Сидя в большой светлой комнате, приказчик морщился от боли, но от стыда молчал. Между тем хозяин распоряжался по дому:
— Эй, стряпухи, давай на стол жирные щи, да порося, да штоф! Да все чтобы погорячей!
Тяжелой походкой он вошел в горницу.
— Выпьешь чару? — обратился он к Селезню.
— С дороги в самый раз! — обрадовался приказчик.
Они сели за обильный стол, закусили. Наливая Селезню чару,
— Эстафета ныне от хозяина дошла к нам. Принес ее один мужик хитрющий, добрался-таки, подлец, через вражьи заставы.
— Ох, боюсь, худо мне от господина будет! — со вздохом сказал Селезень.
— Известно, не похвалит Никита Акинфиевич, — согласился управитель. — Но и то надо по совести рассудить, разве мы виноваты в этом великом несчастии? Да ты послушай грамоту от господина!
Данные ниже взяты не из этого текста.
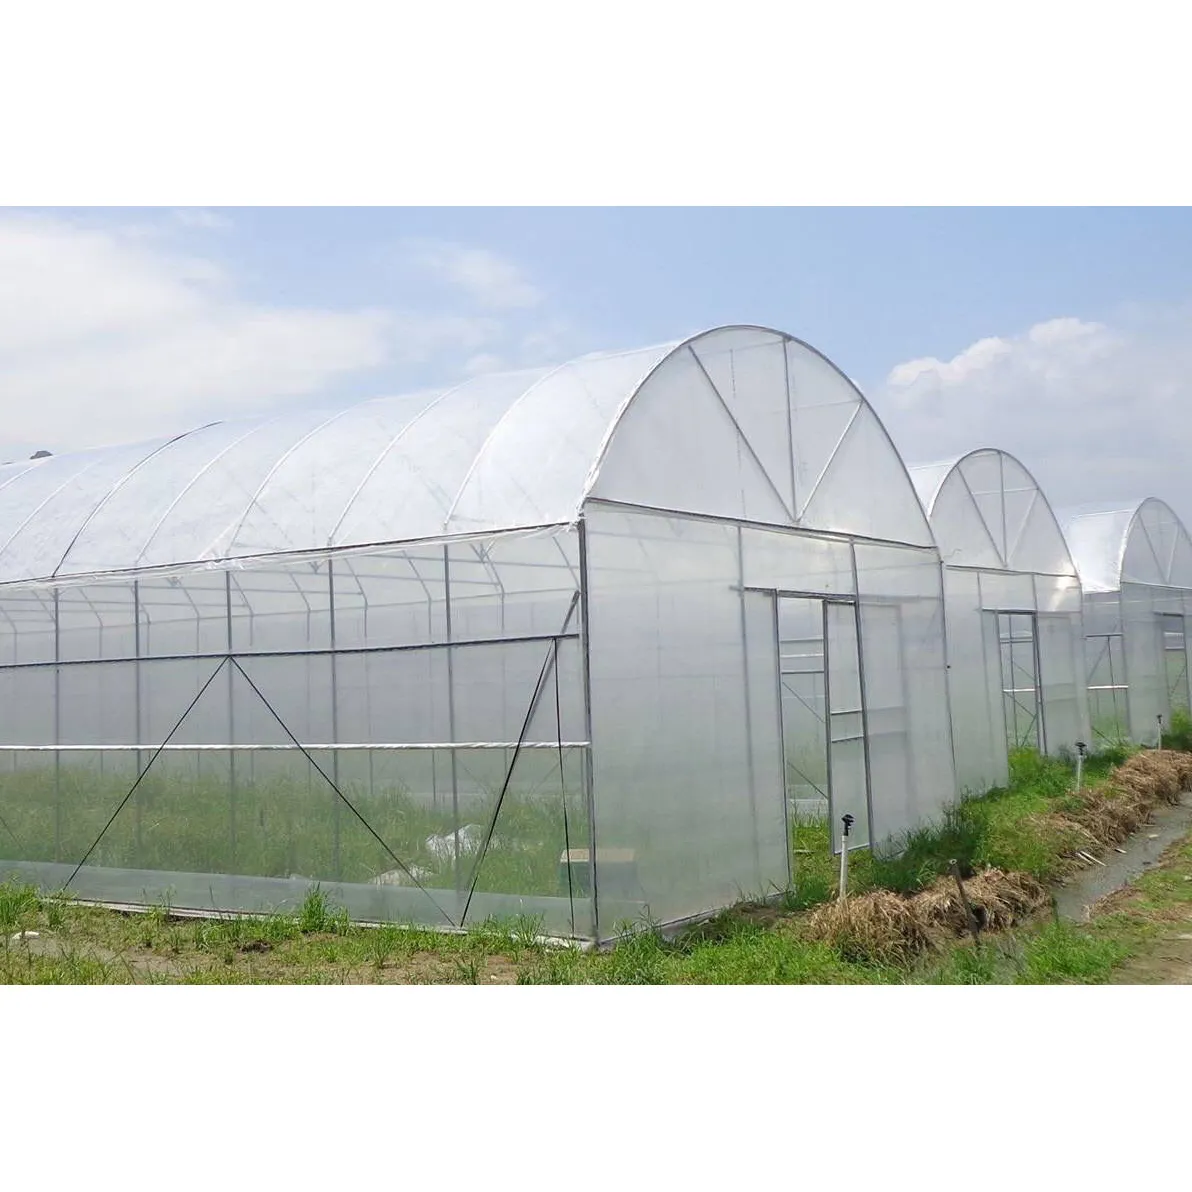 農業温室デザイン無料農業屋内大経済トンネルプラスチック温室野菜用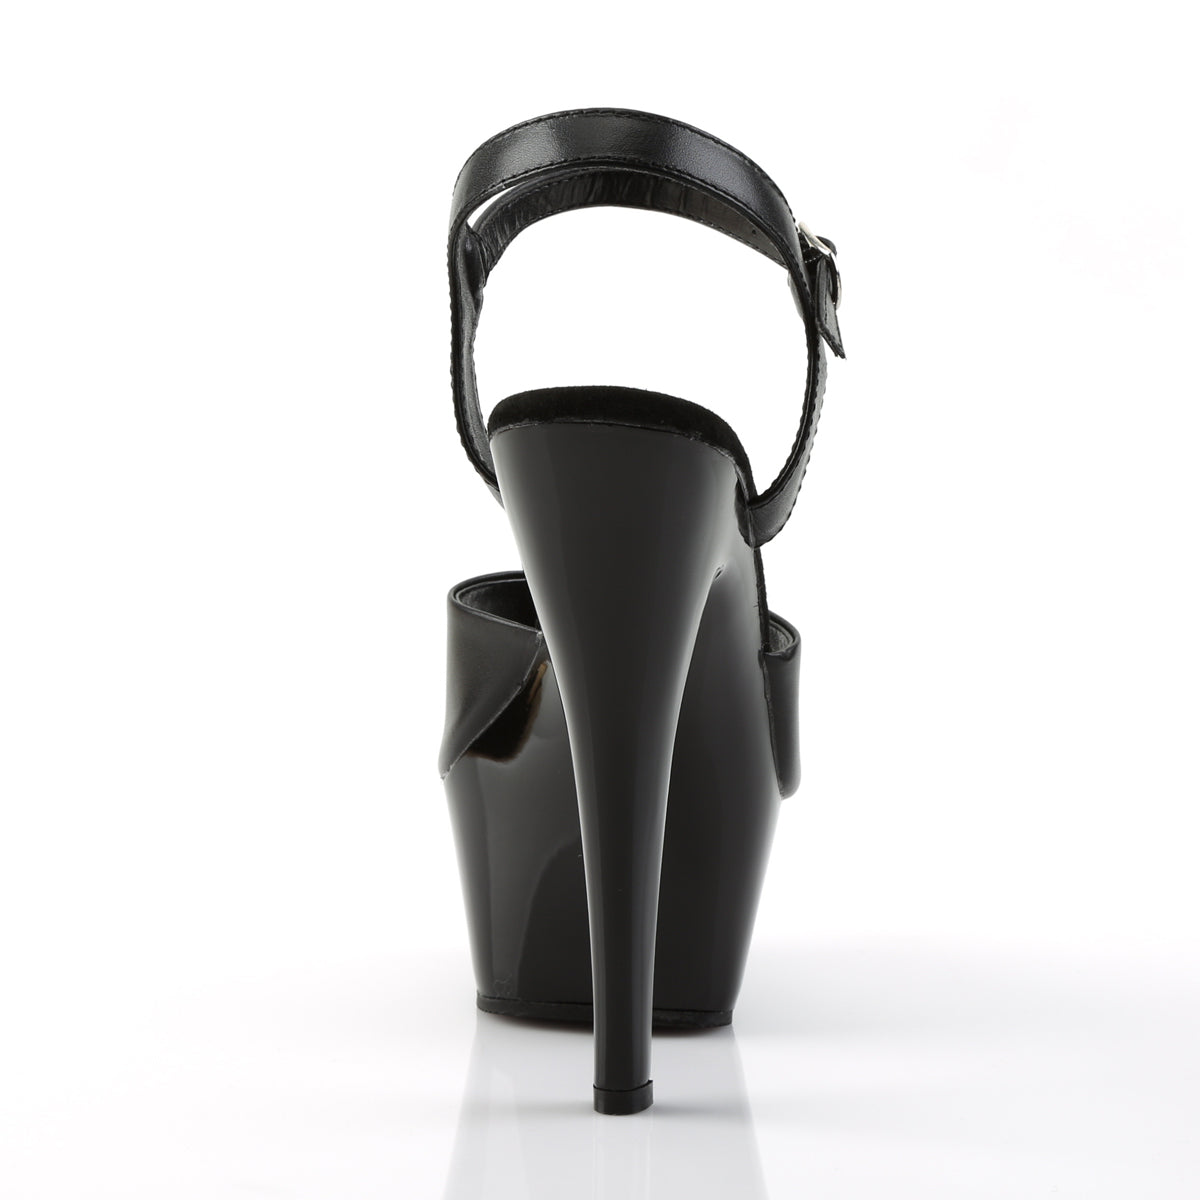 KISS-209 Black Leather/Black Platform Sandal Pleaser

Широков полез в ящик, добыл измятый пакет и водрузил очки на длинный нос.
Никита Акинфиевич писал:
«Выжидаем от нижнетагильской конторы по случаю несчастливых приключений доказать особливо свою добрую услугу. Ждем, что заведенное нами будет в точности исполняться. Заводской конторе надлежит доставить к пристани железо и подготовить караван к сплаву, также обеспечить людей продовольствием, дабы они оставались при возможных своих спокойствиях».
— Вот что наказывает Демидов! — Управитель поверх очков посмотрел на Селезня. — А того не ведает он, у кого пристань. На Утку с боем идет Белобородов, злодей наш! И как ее оборонять, один бог ведает!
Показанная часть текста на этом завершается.